## WHAT IS REQUIRED
Please copy all of the data that follows exactly, leaving any pictures out.

## MATERIAL PROVIDED
<<<<
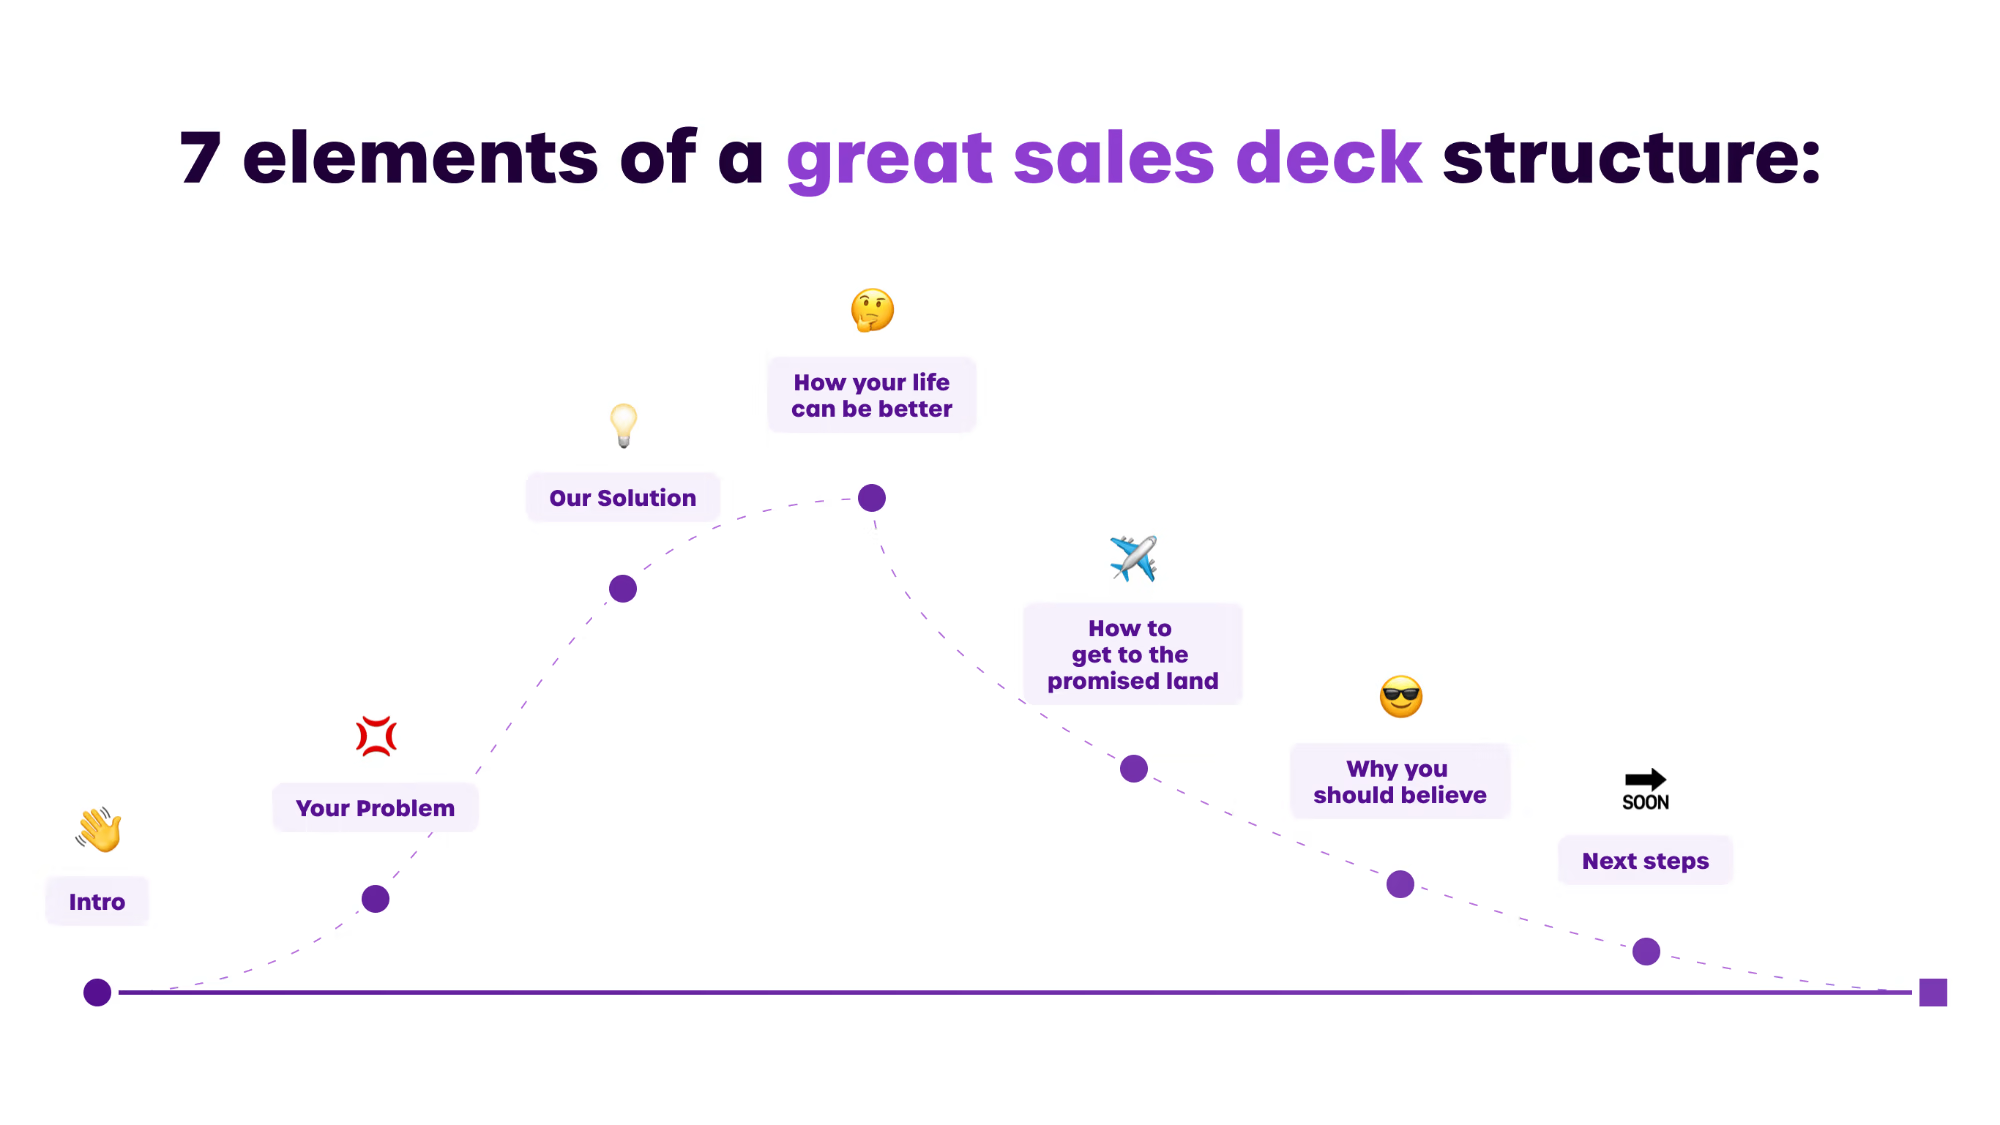 Elements of a great sales deck structure
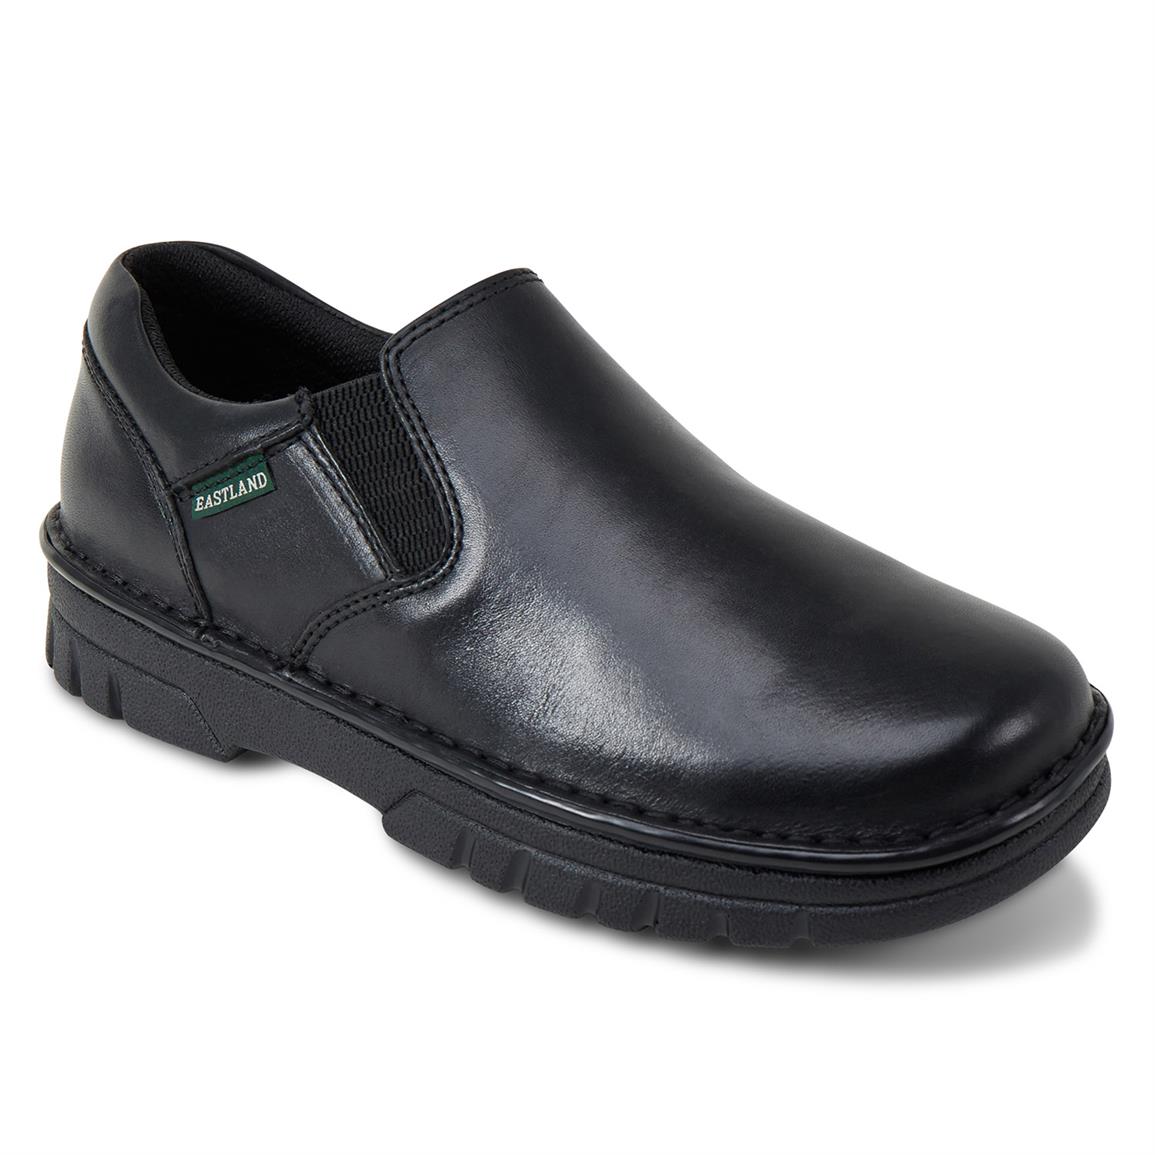 Eastland Newport Slip-on Shoes - 662695, Casual Shoes at Sportsman's Guide
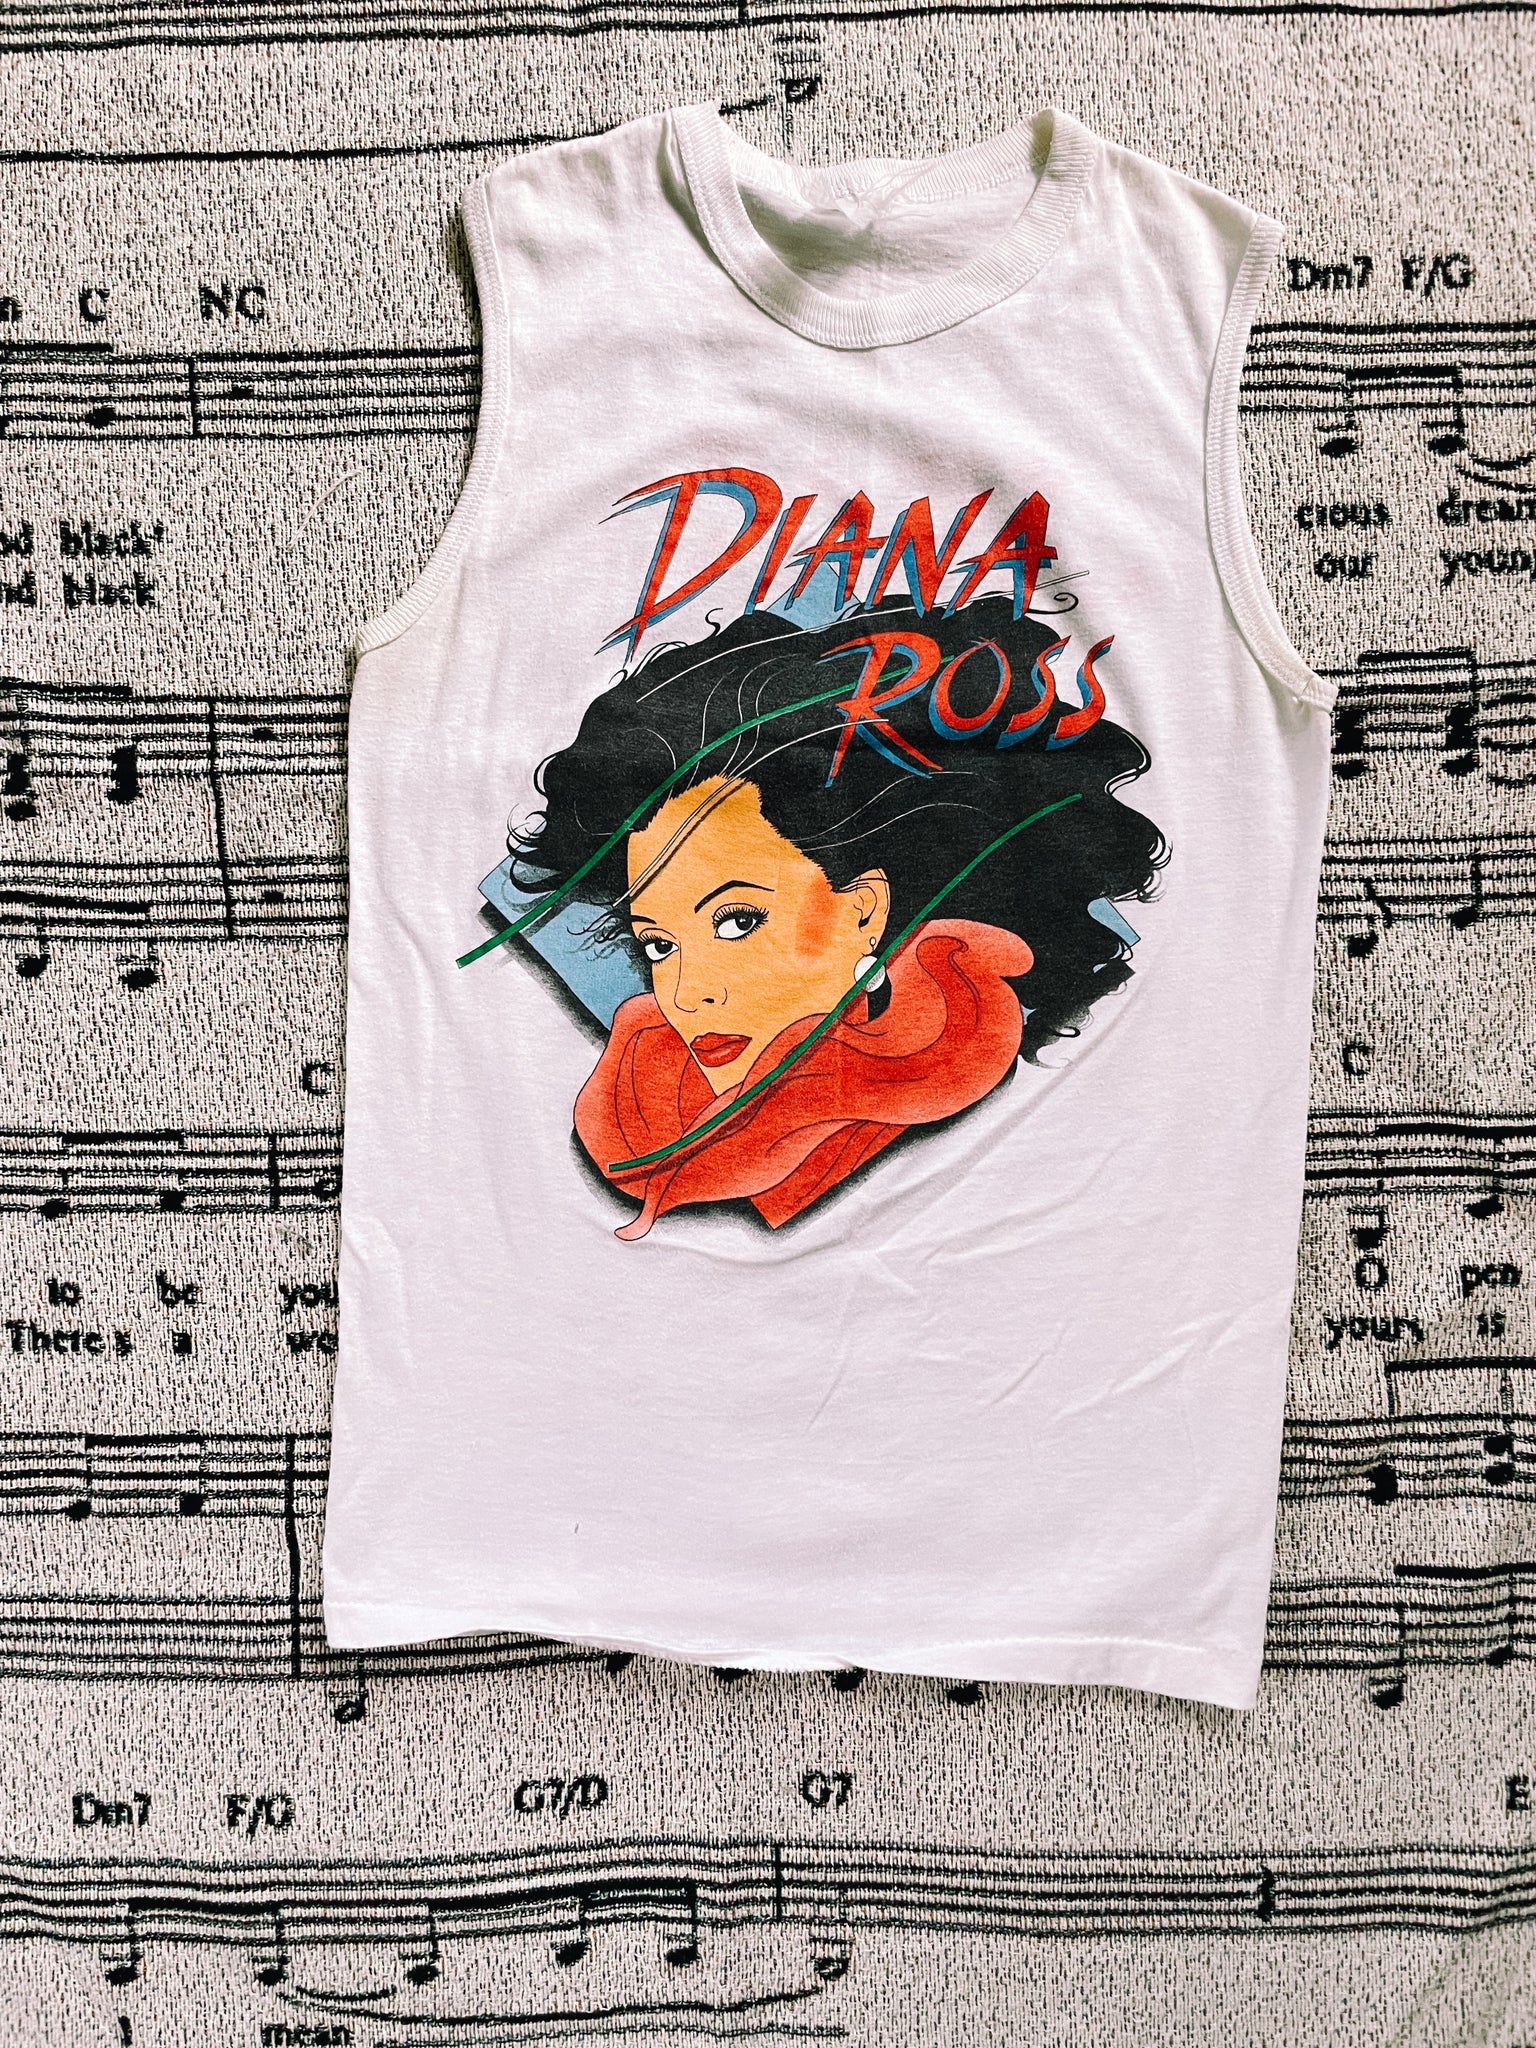 Vintage Diana Ross "For One And For All" Concert T-Shirt (1983)
>>>>
## EXERCISE RESPONSE
 Elements of a great sales deck structure
 Eastland Newport Slip-on Shoes - 662695, Casual Shoes at Sportsman's Guide
 Vintage Diana Ross "For One And For All" Concert T-Shirt (1983)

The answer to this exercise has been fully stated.